Metadata-Version: 2.4
Name: mosaic-attention
Version: 0.2.0
Summary: Multi-Axis Attention Sharding for PyTorch - Distribute attention across GPUs
Author-email: Pranav Sateesh <stprnvsh@example.com>
License: MIT
Project-URL: Homepage, https://github.com/stprnvsh/mosaic
Project-URL: Repository, https://github.com/stprnvsh/mosaic
Project-URL: Documentation, https://github.com/stprnvsh/mosaic#readme
Keywords: pytorch,attention,distributed,multi-gpu,transformer,ring-attention,sequence-parallel
Classifier: Development Status :: 4 - Beta
Classifier: Intended Audience :: Developers
Classifier: Intended Audience :: Science/Research
Classifier: License :: OSI Approved :: MIT License
Classifier: Programming Language :: Python :: 3
Classifier: Programming Language :: Python :: 3.9
Classifier: Programming Language :: Python :: 3.10
Classifier: Programming Language :: Python :: 3.11
Classifier: Programming Language :: Python :: 3.12
Classifier: Topic :: Scientific/Engineering :: Artificial Intelligence
Requires-Python: >=3.9
Description-Content-Type: text/markdown
Requires-Dist: torch>=2.0.0
Provides-Extra: ring
Requires-Dist: flash-attn>=2.0.0; extra == "ring"
Provides-Extra: dev
Requires-Dist: pytest>=7.0.0; extra == "dev"
Requires-Dist: build; extra == "dev"
Requires-Dist: twine; extra == "dev"
Provides-Extra: all
Requires-Dist: flash-attn>=2.0.0; extra == "all"

# Mosaic

**Multi-Axis Attention Sharding for PyTorch**

Distribute attention computation across GPUs when your sequence is too long to fit on one device.

## The Problem

Standard attention has **O(n²) memory** complexity.

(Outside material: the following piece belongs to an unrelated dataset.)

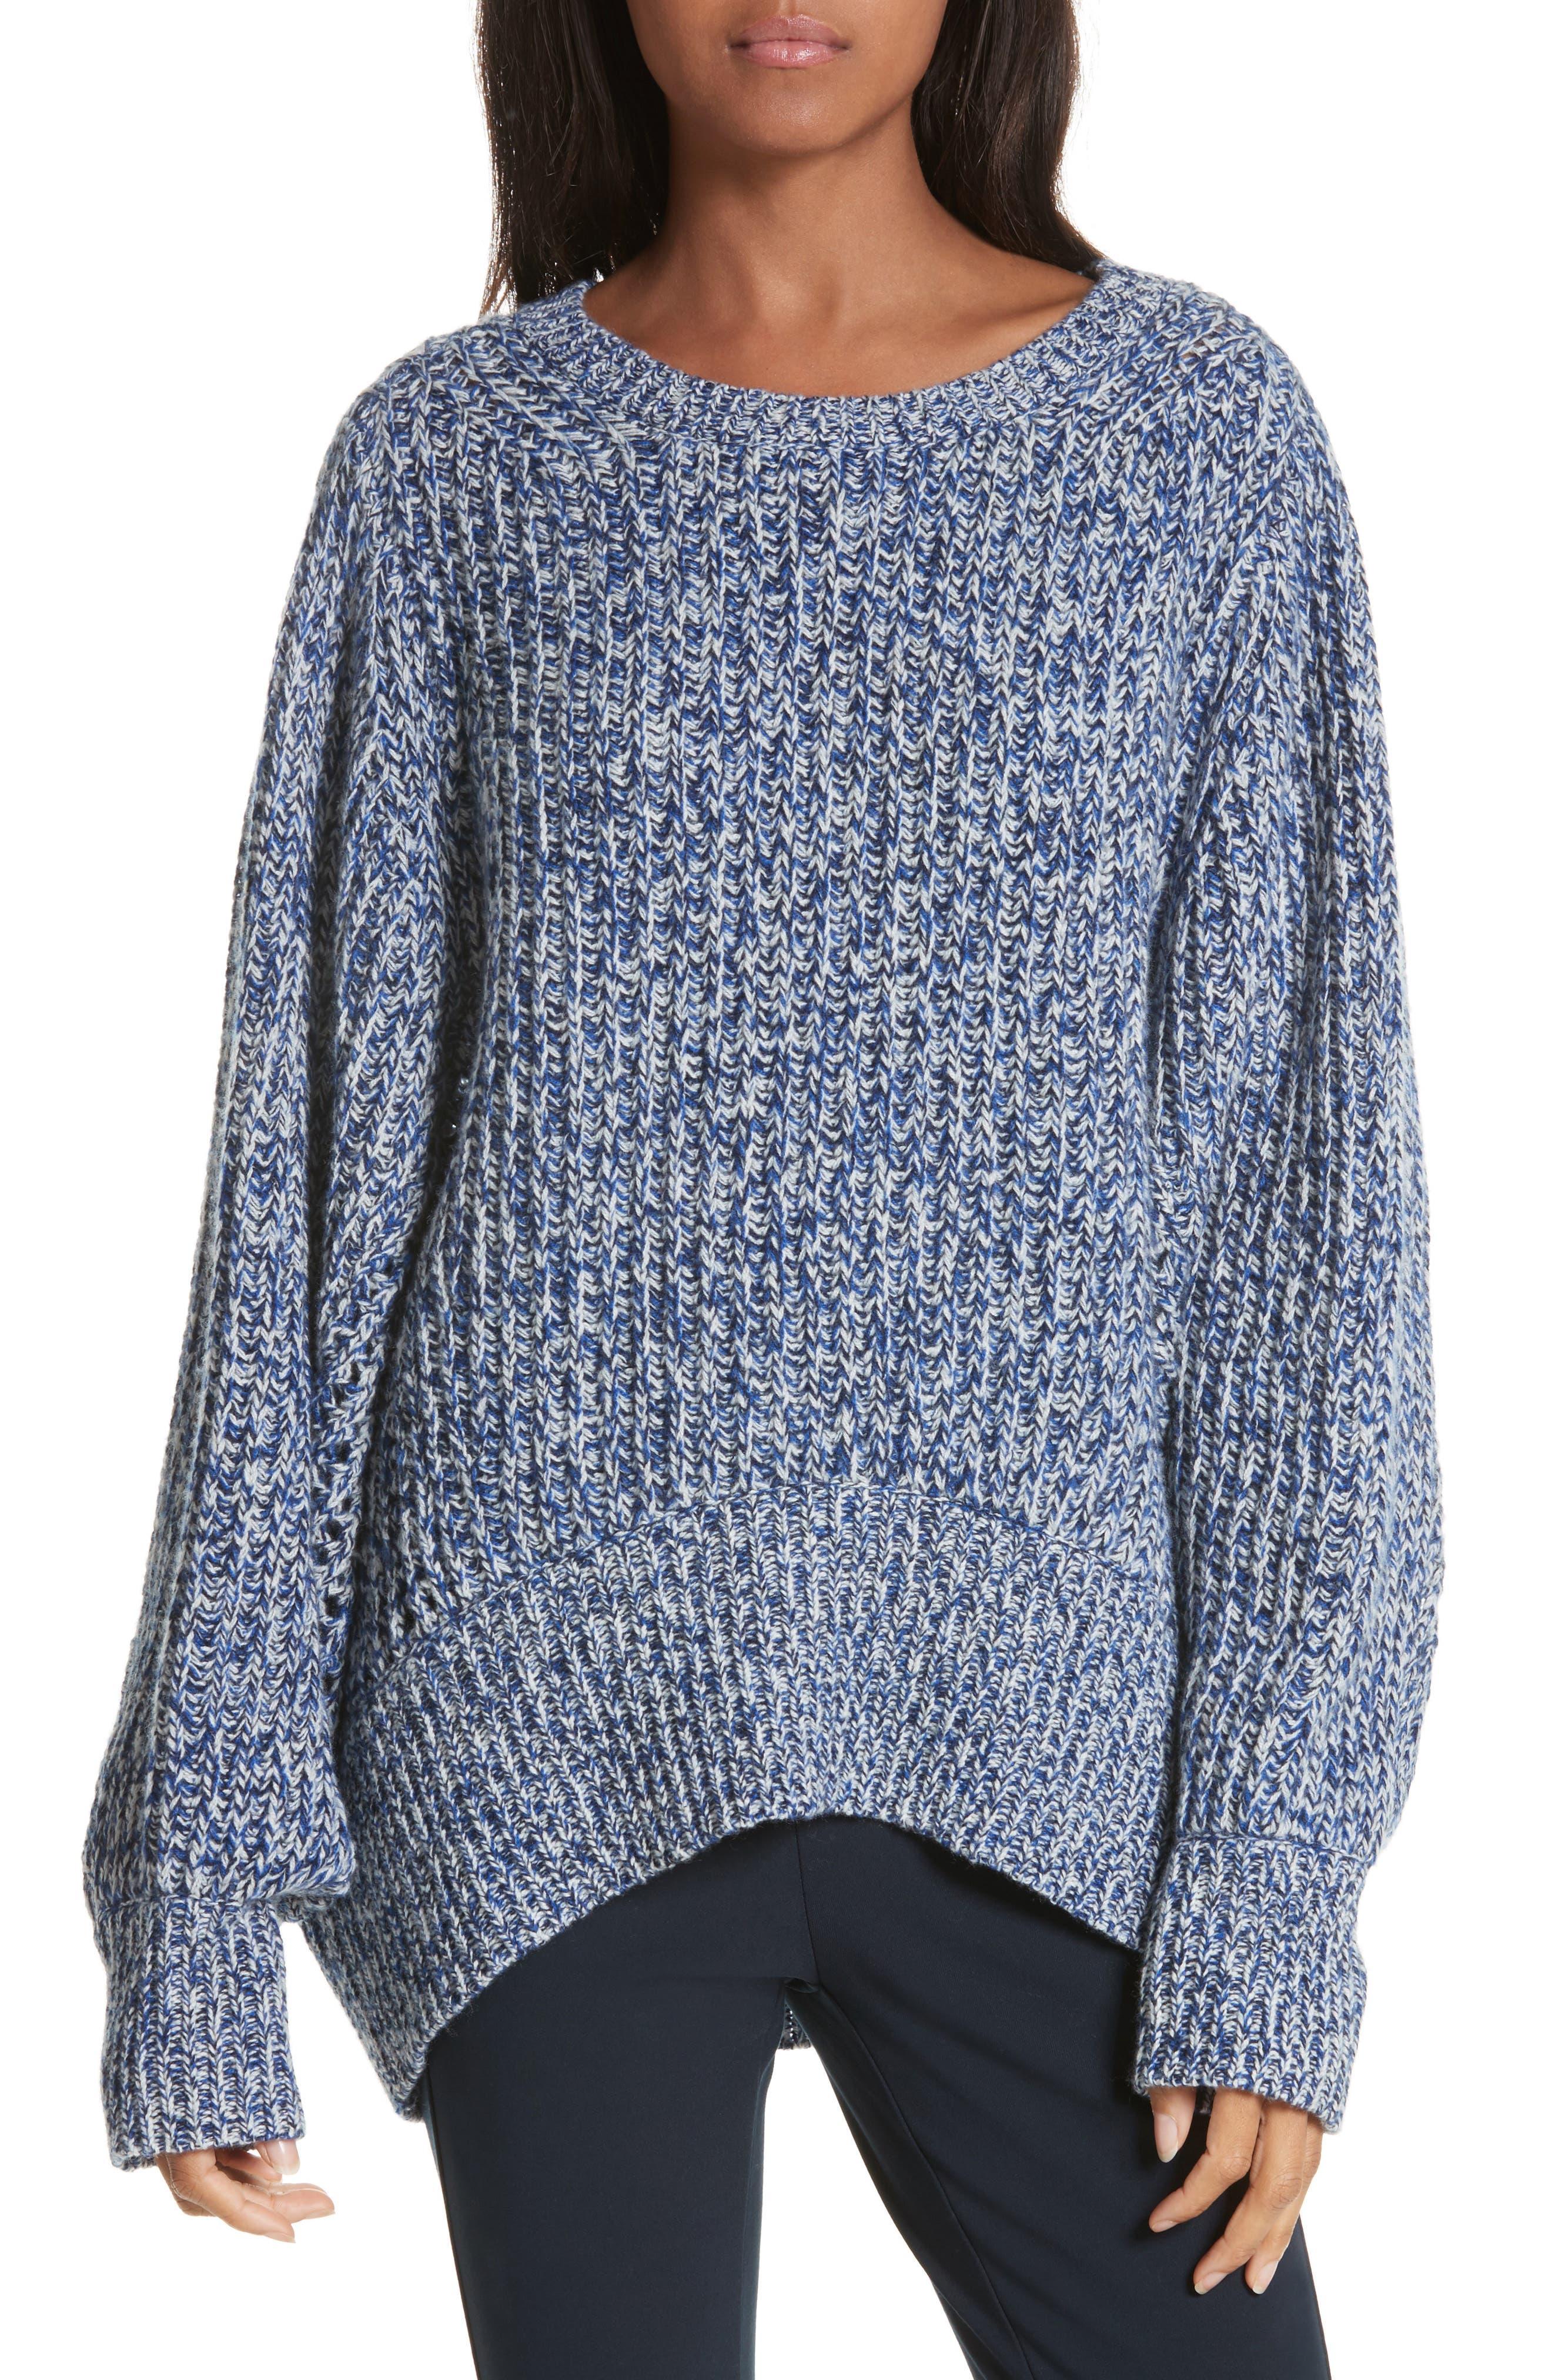 Main Image - rag & bone Athena Cashmere Pullover

A 150,000-token sequence needs ~84GB just for attention weights:

```
Memory = n² × 4 bytes = 150,000² × 4 = 84 GB
```

**Mosaic** splits the sequence across GPUs and coordinates communication so each GPU only holds a fraction.

## How It Works

### Attention Refresher

For queries Q, keys K, values V with sequence length n:

```
Attention(Q, K, V) = softmax(QKᵀ / √d) × V
```

The bottleneck is **QKᵀ** — an (n × n) matrix.

### Sharding Strategies

Mosaic supports three backends:

#### 1. Local (No Sharding)
Each GPU has the full sequence. Use for small dimensions.

```
GPU 0: [Q₀, K₀, V₀] → Attention → [Out₀]
```

#### 2. Ring Attention (1D Sharding)
Split sequence across GPUs. Each GPU holds Q_local but needs all K, V.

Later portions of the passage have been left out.